The Lewis Legacy-Issue 82, Autumn 1999
The Fate of Peter Rabbit
The C.S. Lewis Foundation for Truth in Publishing
September 1, 1999
In the April 1999 issue of Mythprint David Bratman reviewed The Case of
Peter Rabbit: Changing Conditions of Literature for Children by Margaret
Mackey (Garland, 1998, hc, 208 pp., $55.) Frederick Warne, Potter's
original publisher and copyright owner, is now a tiny imprint of a
multimedia conglomorate. Mackey says the re-engraving of Potter's art for
copyright reasons has been poorly done, and new formatting destroys her
book design. Similarly, Bratman notes, Winnie-the-Pooh is commercially
exploited by Disney; and Unwin, Tolkien's publisher, is now owned by a
giant commercial conglomorate. Bratman did not mention the current
commercialization of Narnia.
In his novel In Heaven as on Earth M. Scott Peck credits C. S. Lewis's The
Great Divorce for his inspiration.
* All the Bells on Earth by James Blaylock (Ace Books). "Blaylock is one of
the most brilliant of that new generation of fabulist writers; All the
Bells on Earth may be his best book...mystical and enthralling...at once
reminiscent of C. S. Lewis's That Hideous Strength and Clive Barker's urban
fantasies." --Washington Post Book World.
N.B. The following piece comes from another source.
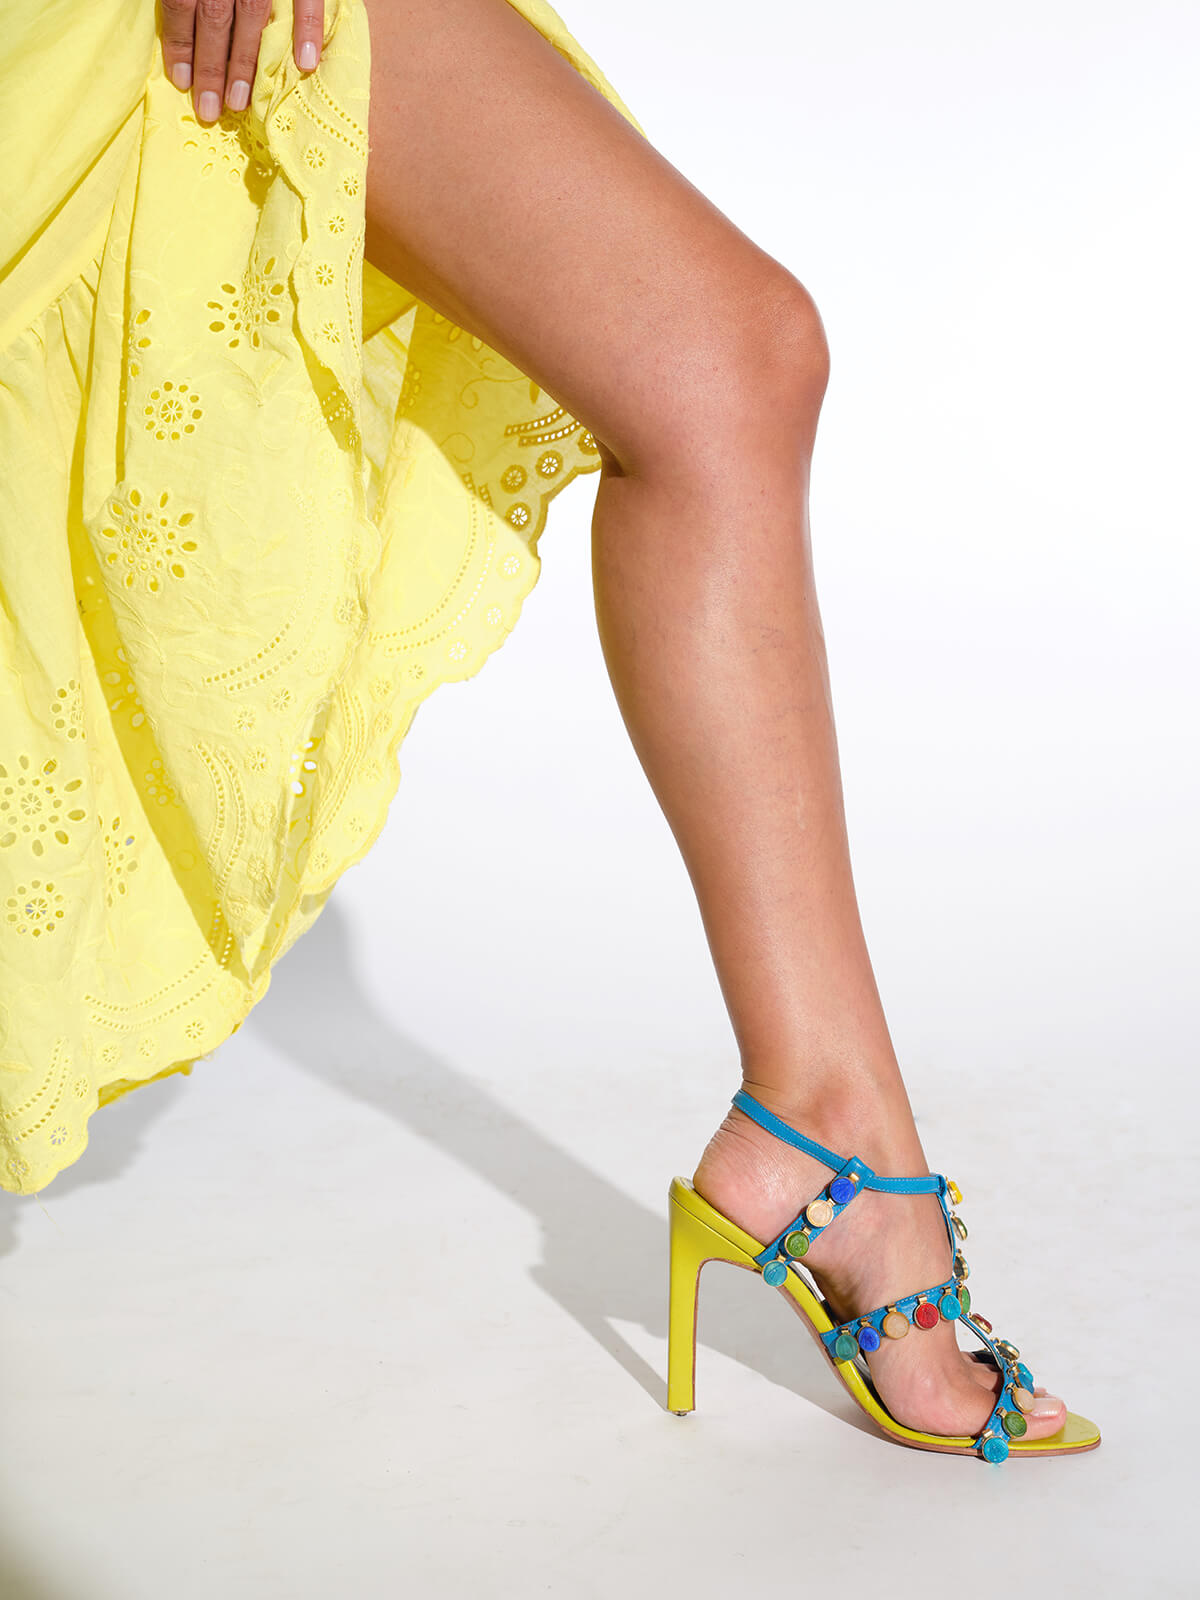 İspanyol marka vintage ayakkabı
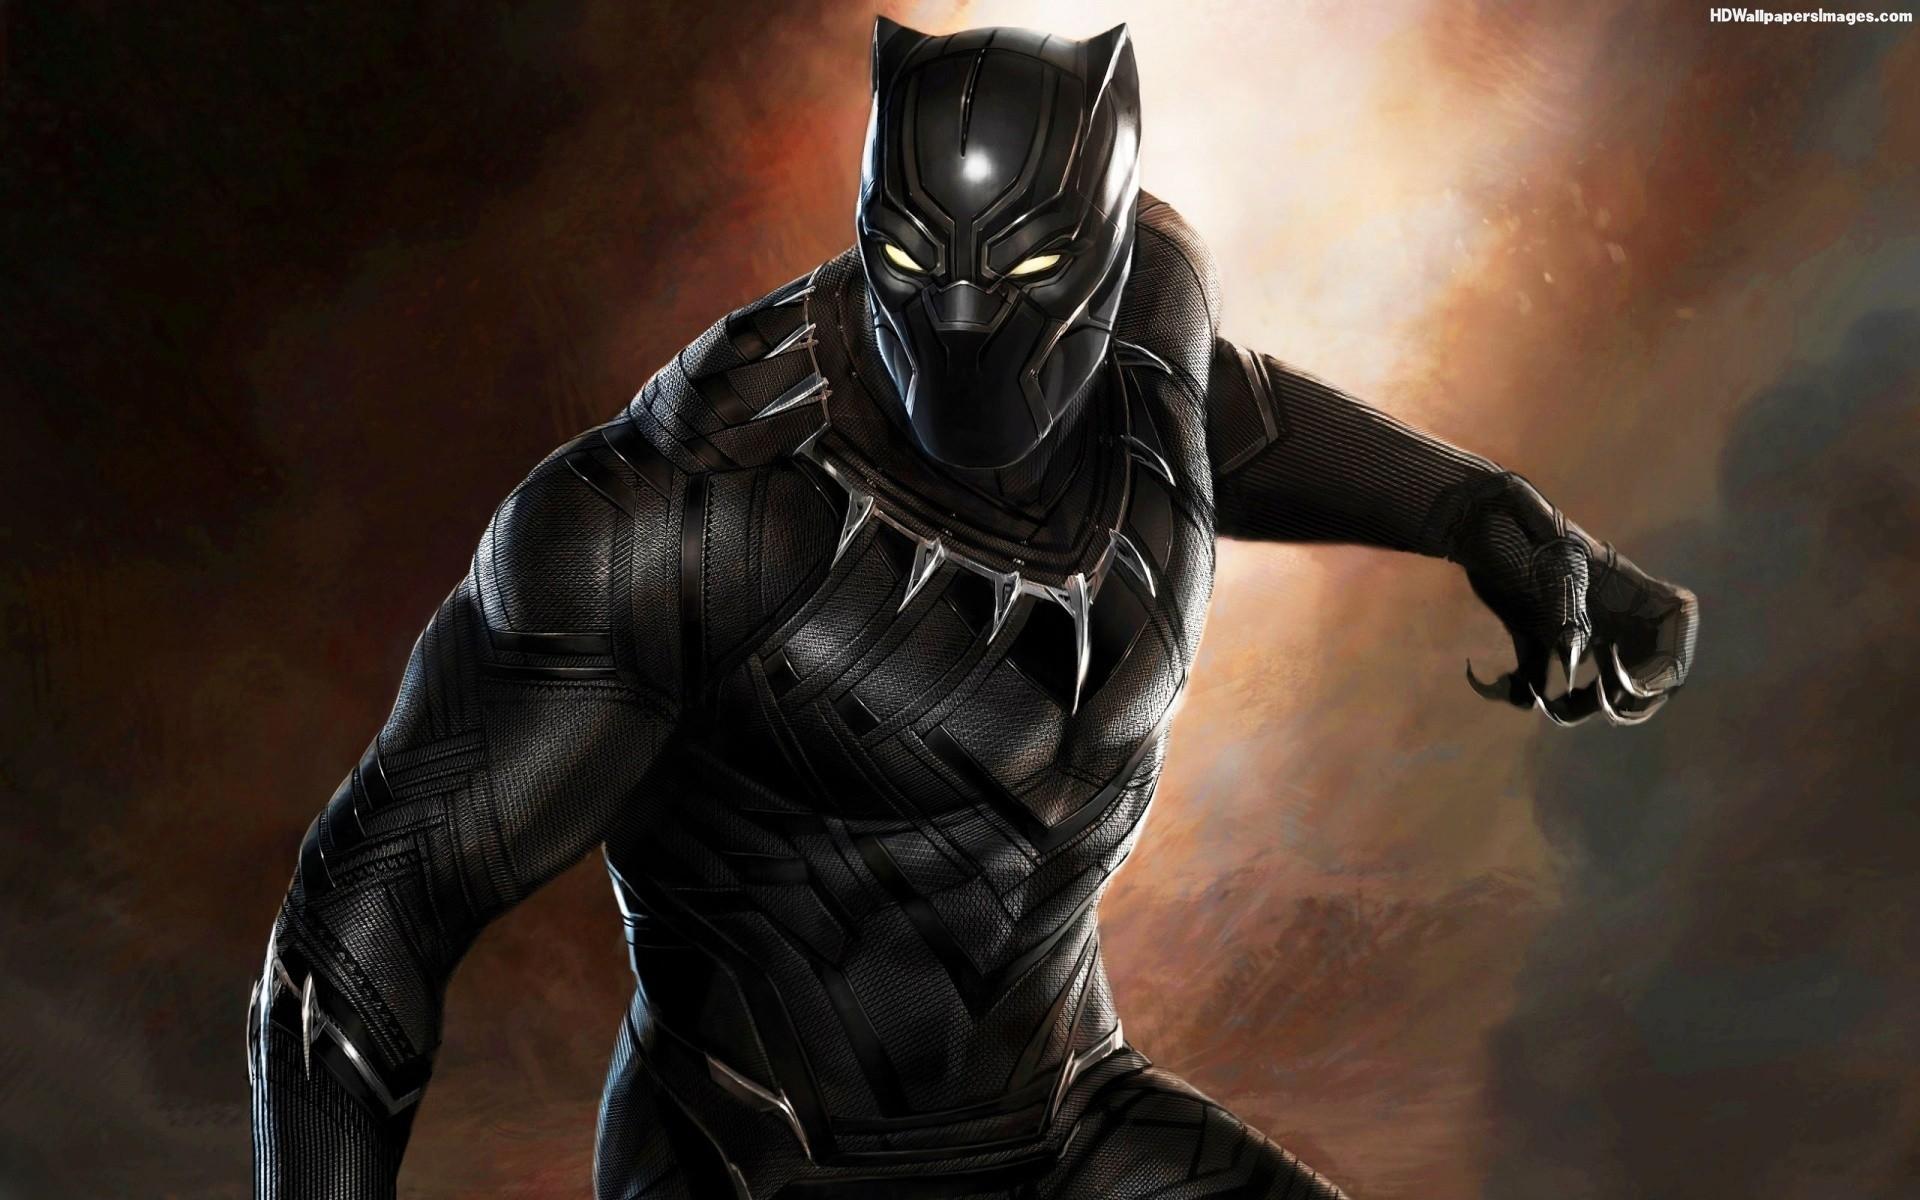 black panther hd 1920x1200

In fact, Blaylock's book is a
lightweight compared to Lewis's, but it is closely connected to the
Lindskoogs, because it takes place near their home in picturesque central
Orange, CA. The story begins: "A wet winter night. Nearly two in the
morning and the spirit of Christmas haunts the ocean wind, sighing through
the foil candy canes that sway from lampposts along Chapman Avenue, through
the ribs of the illuminated Santa Claus in the distant Plaza, along empty
alleys dark with shifting, anxious shadows. Raindrops slant across the
misty glass globes of streetlamps, and heavy, broken clouds drift across
the face of the moon. For a few moments the terra-cotta tiles of St.
Anthony's Church glisten in the moonlight." Blaylock lives is central
Orange and is a friend of Legacy reader Tim Powers.